God promised David victory, yet David still had to fight || Ben

David was 30 years old when he began to reign over Israel. The latter half of that 30 years was spent trying to keep his distance from king Saul, the previous king of Israel, who was out to kill him. In this musing, I concentrate on the theological implications of a battle between David and the Philistines (or, better, God and David versus the Philistines), which happened early on in his reign over Israel. Open your Bible to 1 Chronicles 14, starting with verse 8:

“When the Philistines heard that David had been anointed king over Israel, they went up in full force to search for him, but David heard about it and went out to meet them. Now the Philistines had come and raided the Valley of Rephaim; so David inquired of God: ‘Shall I go and attack the Philistines? Will you deliver them into my hands?’ The LORD answered him, ‘Go, I will deliver them into your hands.’ So David and his men went up to Baal Perazim, and there he defeated them.”

- 1 Chronicles 14:8-11a

I. A puzzle

We have deep puzzle on our hands: God promised David victory over the Philistines, yet David still had to fight. What is puzzling about this is that the most natural way of explaining God’s promises make David’s actions seem superfluous, and the most natural way of explaining David’s need to fight make God’s promise to give him victory superfluous.

Typically, when we talk about God’s promises, we take them to hold regardless of what we do. For instance, God promises that the good work He began in any given Christian believer, He will bring to completion (Philippians 1:6). Since it is a promise, we reason, it legitimately does not matter what we do—God will make it happen. Accordingly, the same goes for David.

We reason: God promised David victory over the Philistines. Of course, what God says will happen must happen! So, even if David forgot his sword, or forgot to get encouraged by the prophet Nathan, or even didn’t show up for battle but slept instead, God would have given him victory. Hence, according to this line of reasoning, the actions David took towards victory are superfluous in light of God’s promise to him.

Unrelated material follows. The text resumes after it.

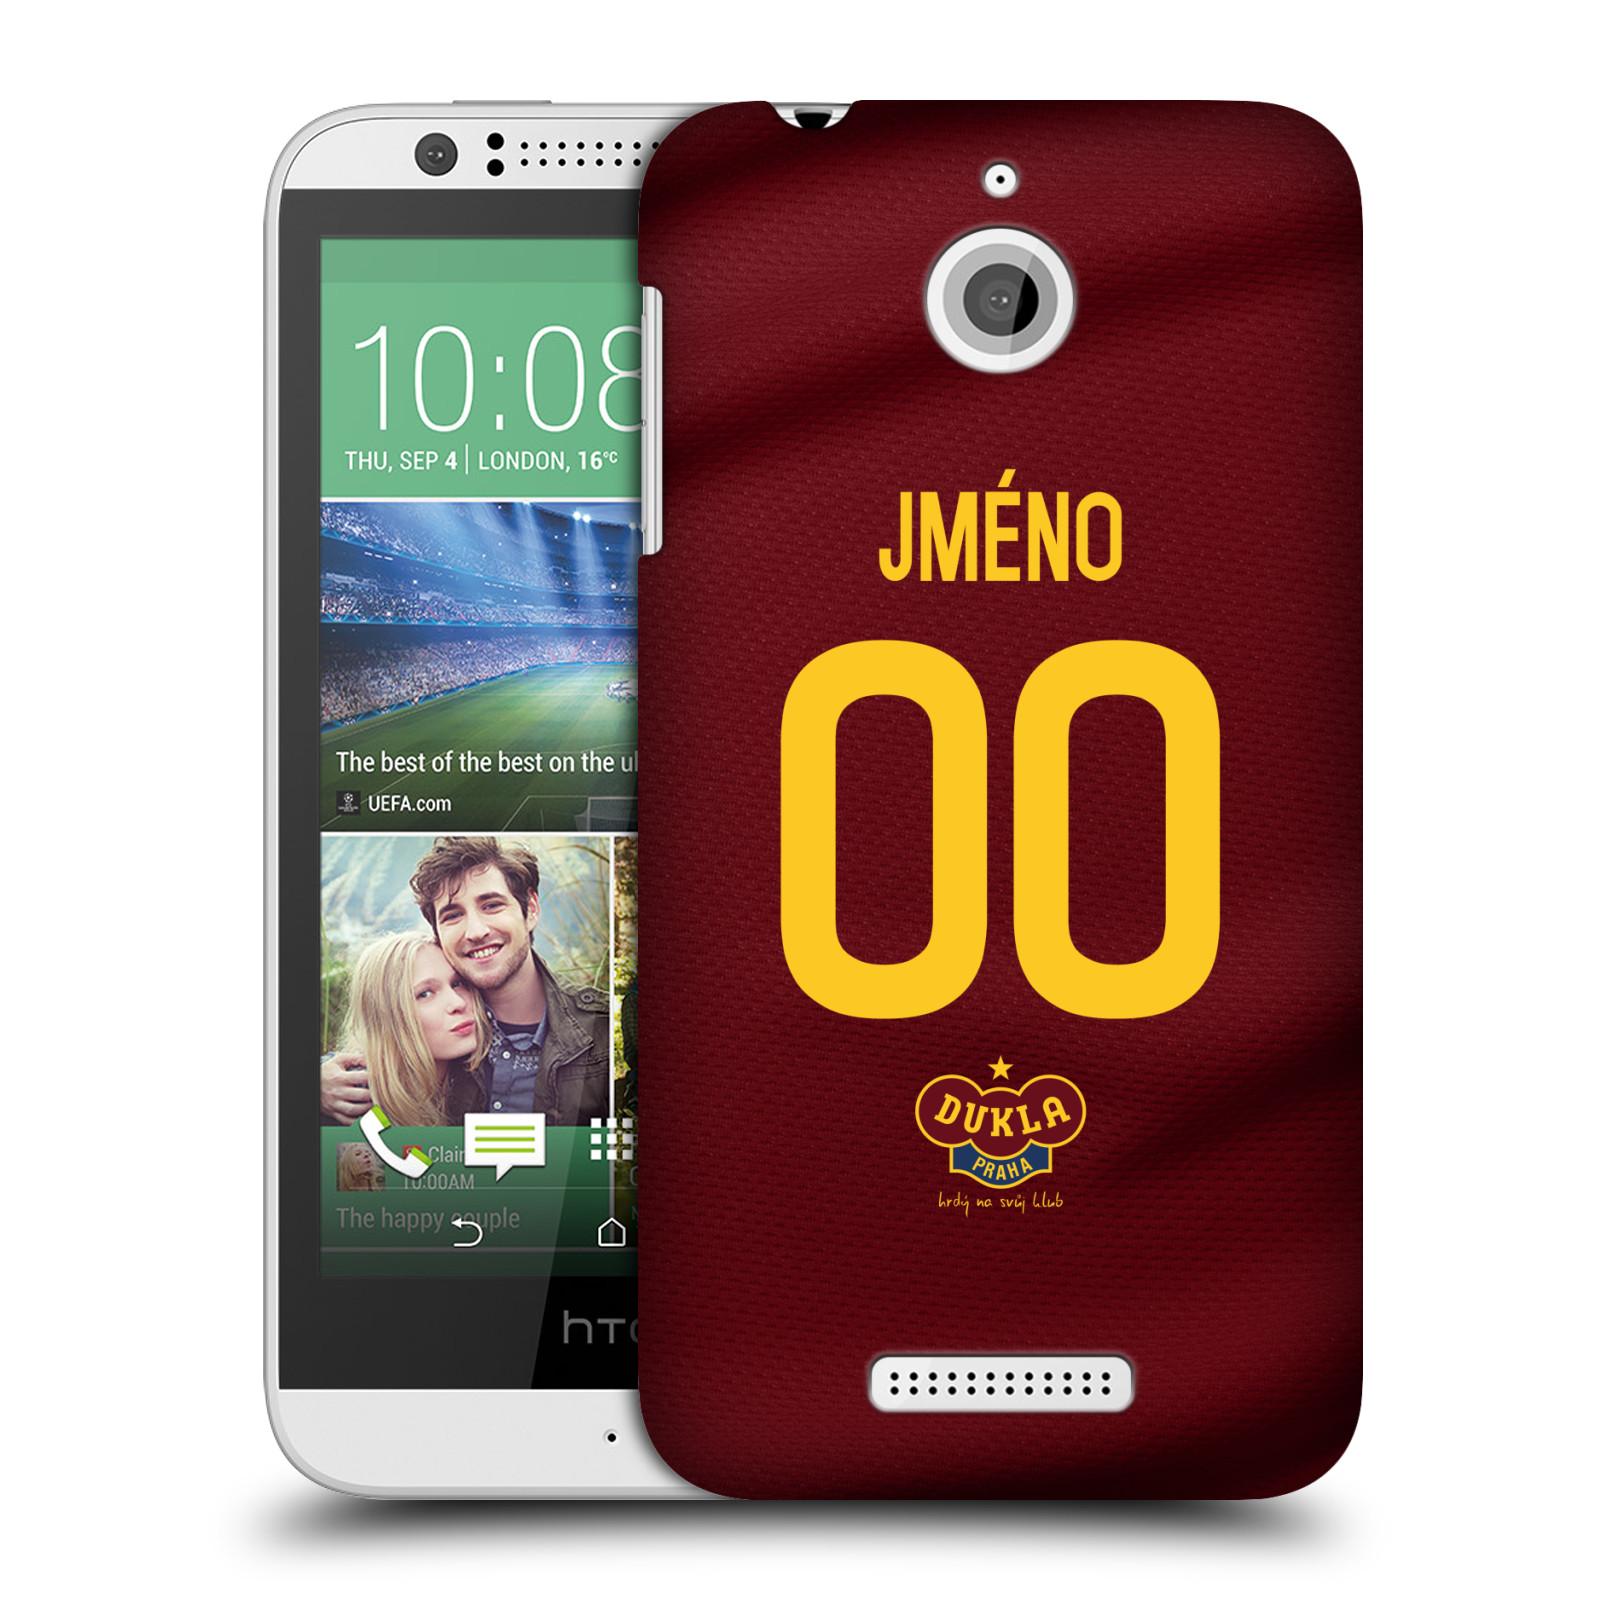 Plastové pouzdro na mobil HTC Desire 510 - FK Dukla Praha - dres s vlastním jménem a číslem

Interestingly, we can give a different, though equally compelling, line of reasoning for the reverse conclusion. Reality check: our actions matter. We know that what happens in this life is (in part) dependent on what we do. There is a natural order to life. E.g. You talk back to your momma, momma gets mad and sends you to your room (or worse, if papa is home). You drop a brick on your toe, you feel pain. Examples abound. Accordingly, we can only imagine what David had to do to win against the Philistines, even after God said “Go, I will deliver them into your hands.” He probably had to talk to the prophet Nathan for encouragement and discernment. He had to bring his sword to battle. He had to whack that one Philistine in the jaw. He had to duck for cover when arrows were flying at him. He had to do all of these things. And we know that if he had not done them, he would not have won. Plain and simple.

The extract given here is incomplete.